Alger County farms facing impact of a mostly dry summer
The season had around three inches less of rain than normal, affecting the growth of plants and crops
CHATHAM, Mich. (WLUC) - At Rock River Farm in Chatham, a normal summer in terms of rain is around 18 to 18.5 inches for its perennial and annual flowers. This year, though, the area got around three inches less.
Owner Rowan Bunce says the annuals needed more watering, while the perennials responded well to the conditions.
“Perennials seem to weather the dry weather a little bit better,” Bunce explained. “They have deeper root systems, and they don’t require as much water because they have had years to grow in.”

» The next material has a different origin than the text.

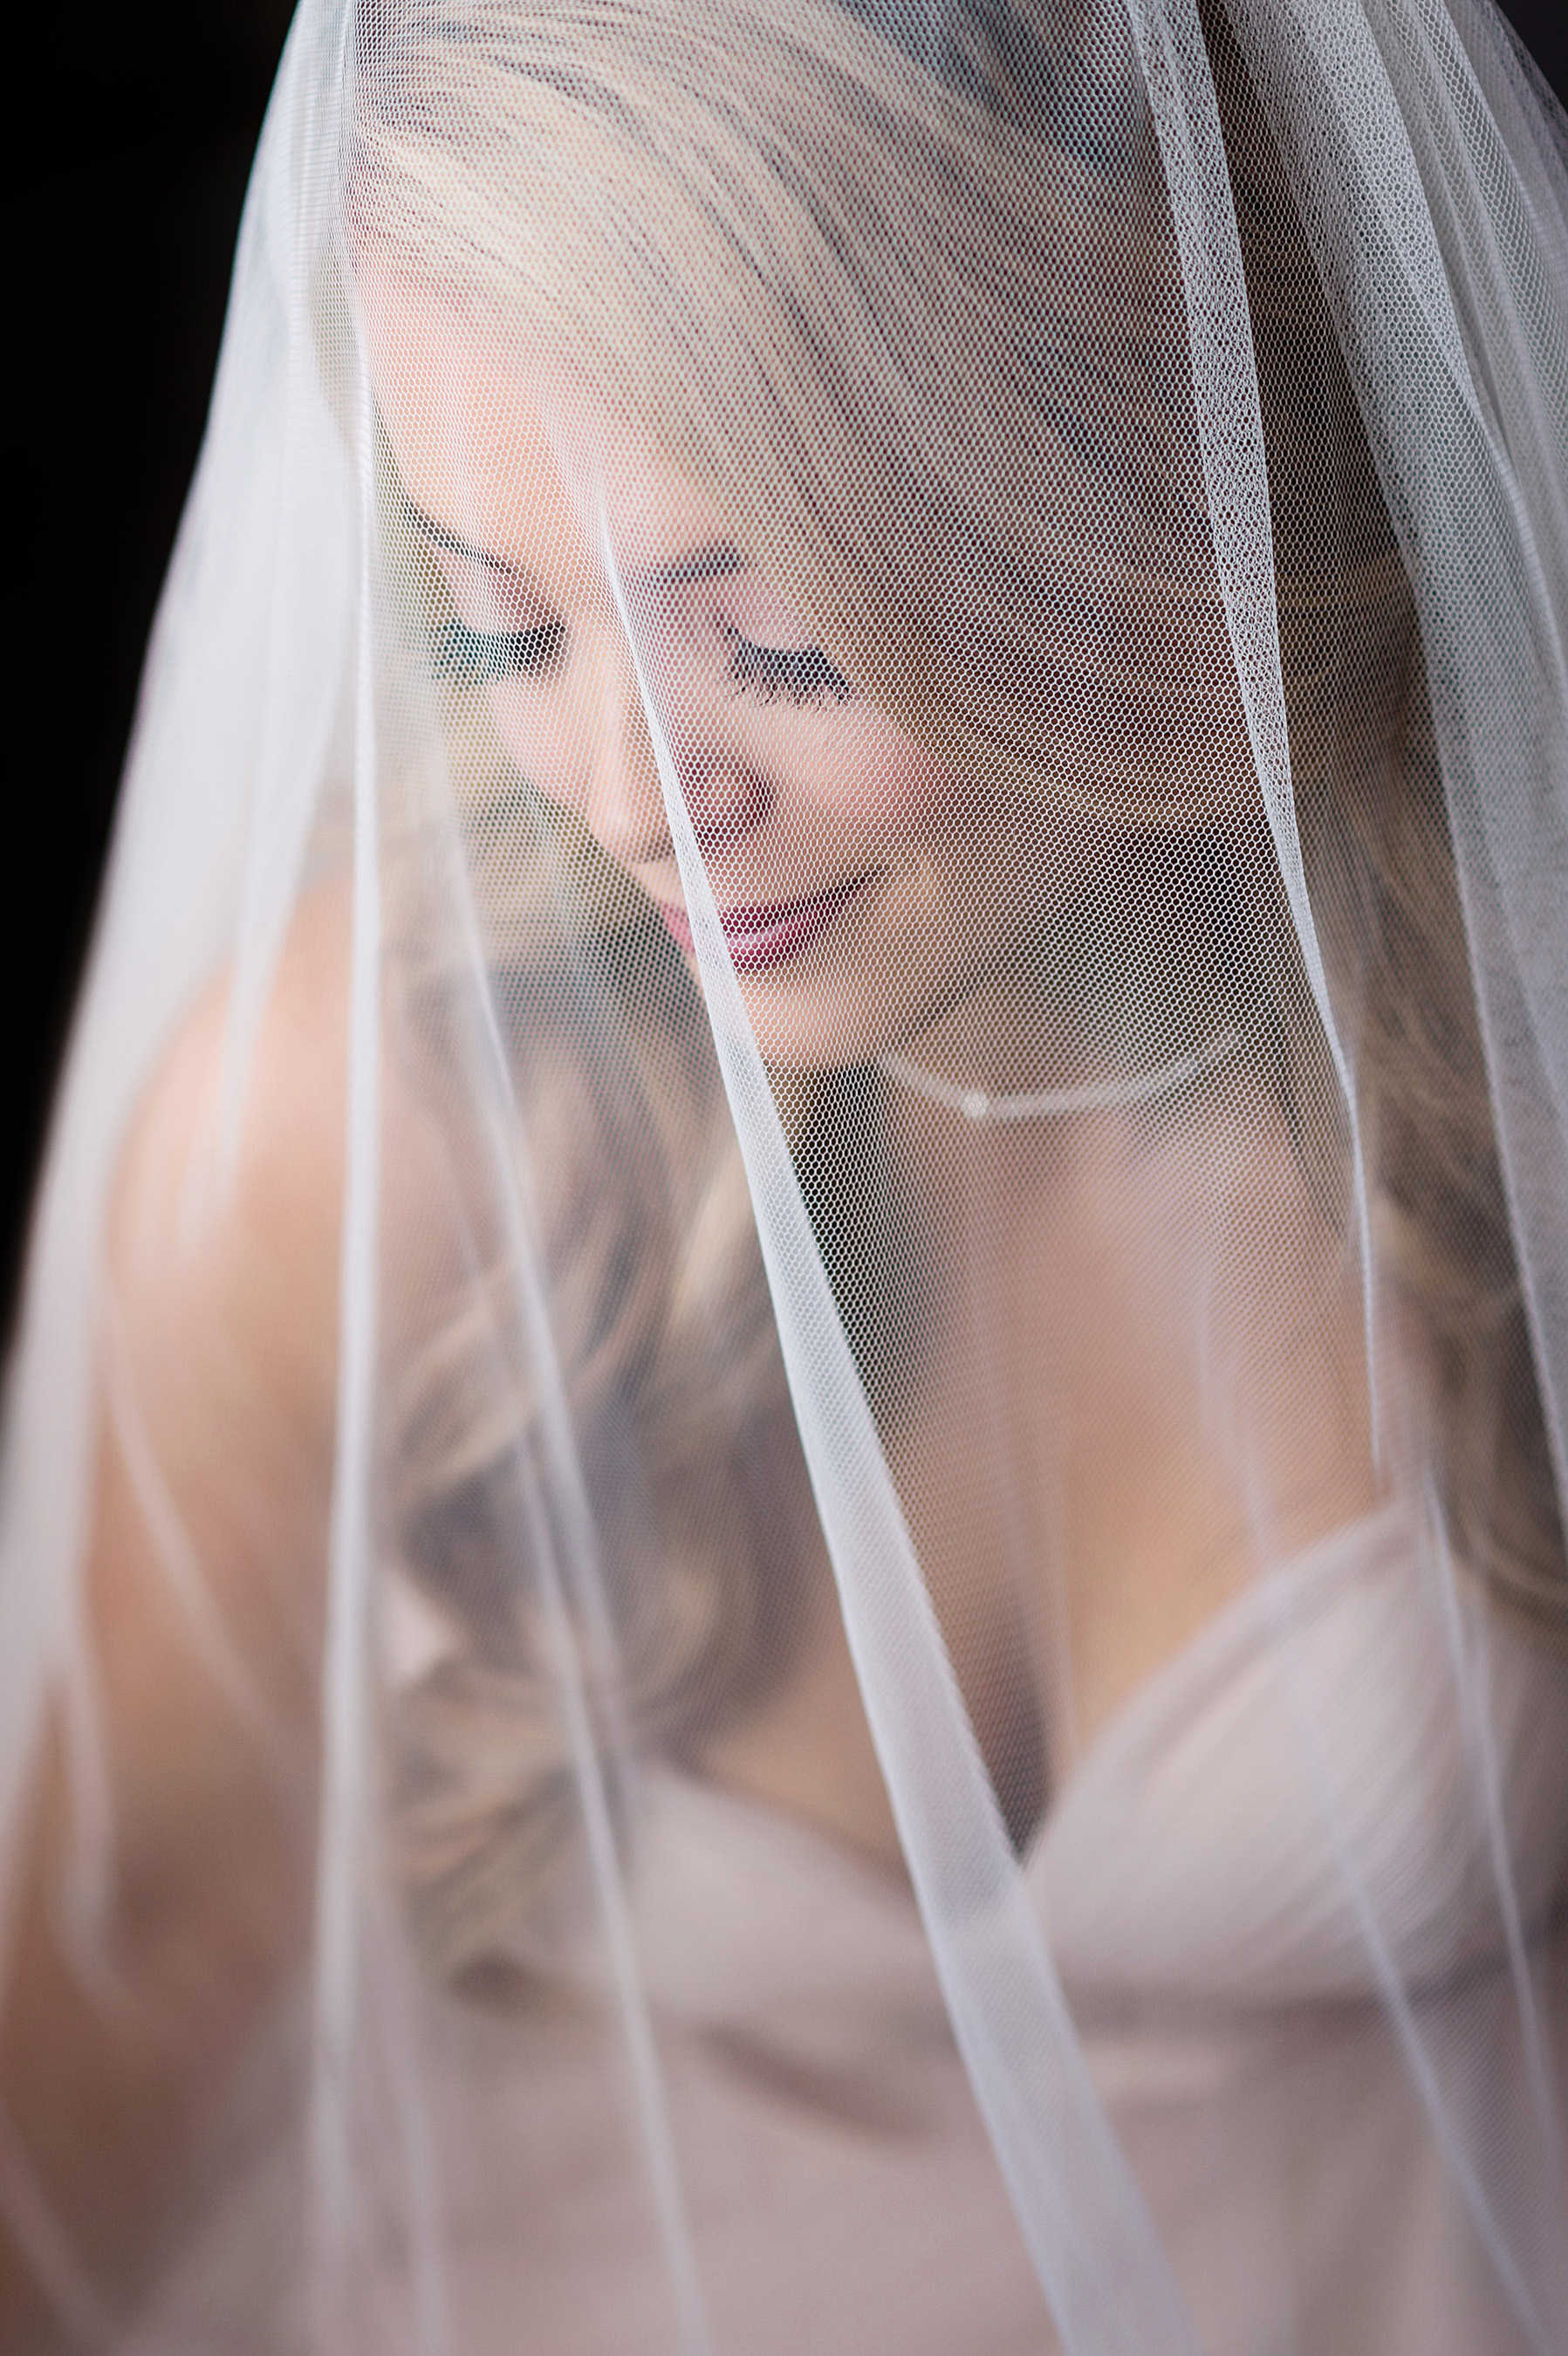 bridal portrait by ashley fisher photography

The dry season made a lot of the flowers grow quicker. Luckily for Bunce, he has a diverse group of plants to sell, including dry ones used to make bouquets and wreaths.

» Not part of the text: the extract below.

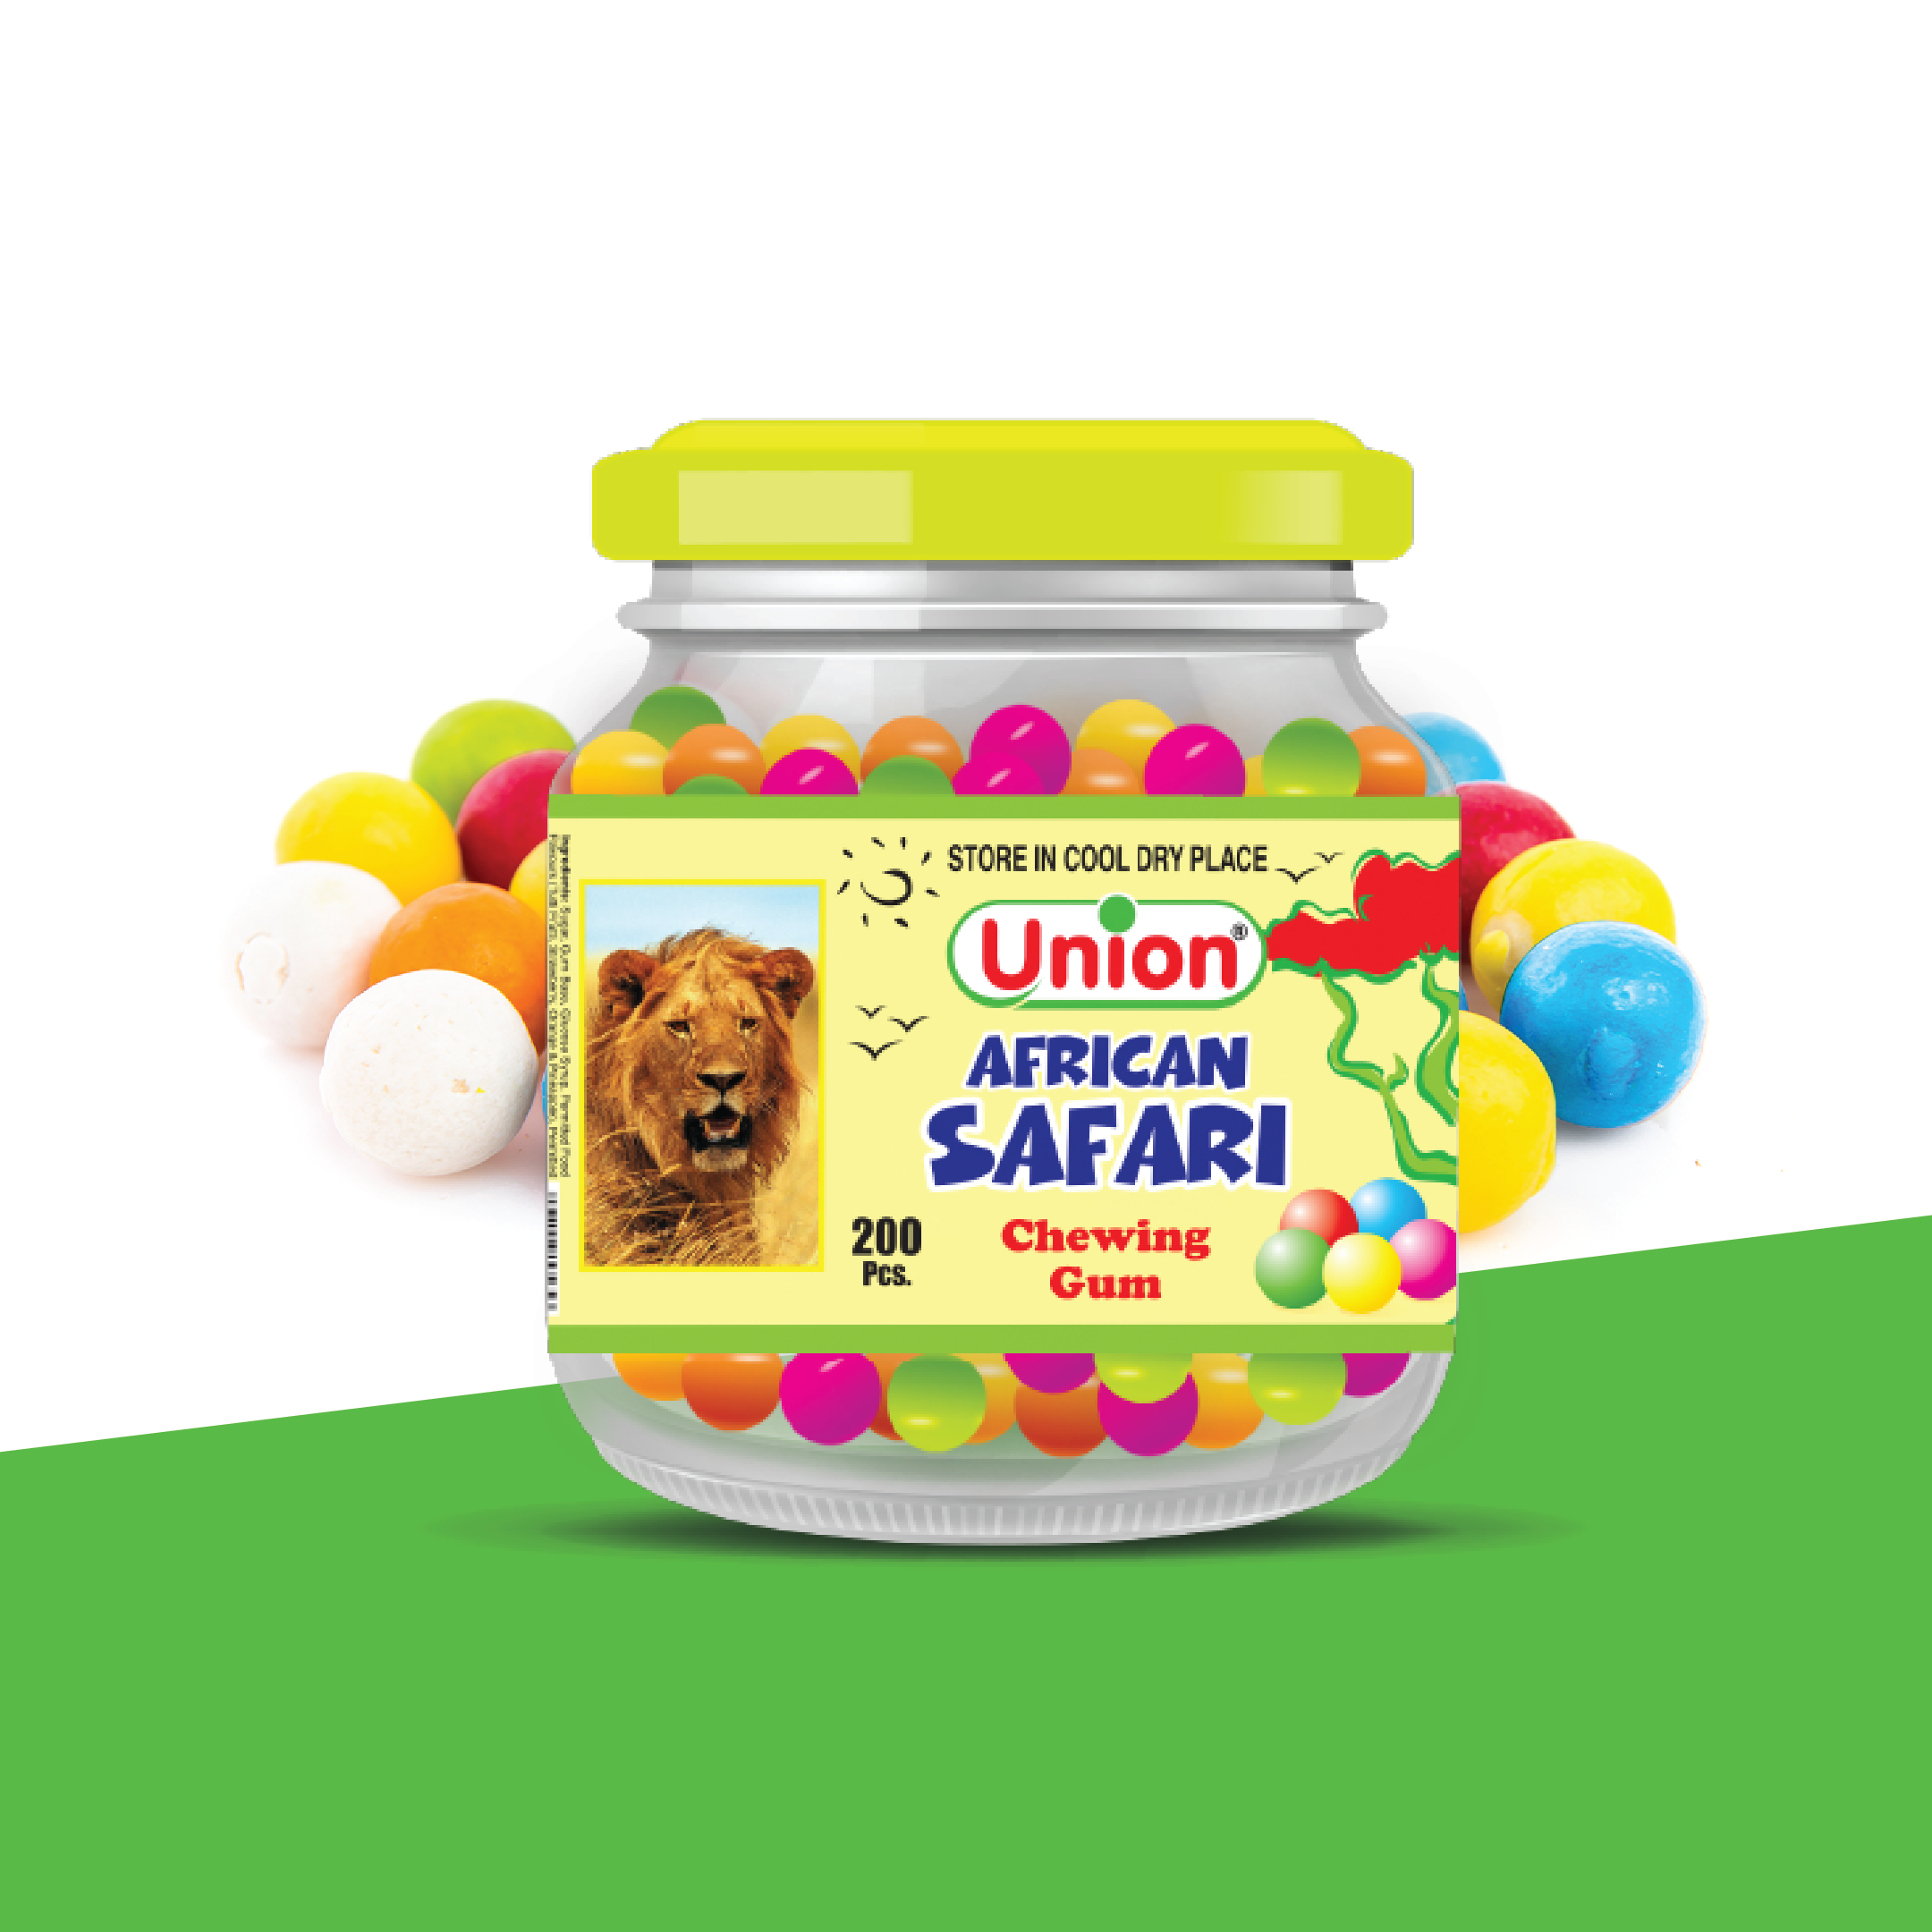 Union African Safari Chewing Gum

As a result of the drought, he says there may be a change as to what is planted and when.
“Things that we wouldn’t plant out as early as normal, we are planting out earlier because it’s so hot and so dry that they can handle it,” Bunce said.
Just up the road is the Michigan State University Research Farm. And while its fall harvest season is moving along, the farm’s manager, Paul Naasz, says the dry summer caused a reduced yield in pasture and hay.
“Our hay crops are low,” said Naasz. “They don’t like the hot and dry weather. So, we’re finding ourselves right now, for the winter feeding period, a little short on hay. We may have to look at purchasing some hay in the spring.”
The produce at the MSU North Farm is well irrigated and the low yields will have little impact on the prices of beef.
“The yields’ reductions that we’re going to see is going to have very little impact on the price to the consumer,” Naasz stated. “It’s all the other stuff going on in the world right now that is keeping those prices up.”
The timing of the limited rain helped both farms during the summer, and they hope to have an extended season for plants and crops next year.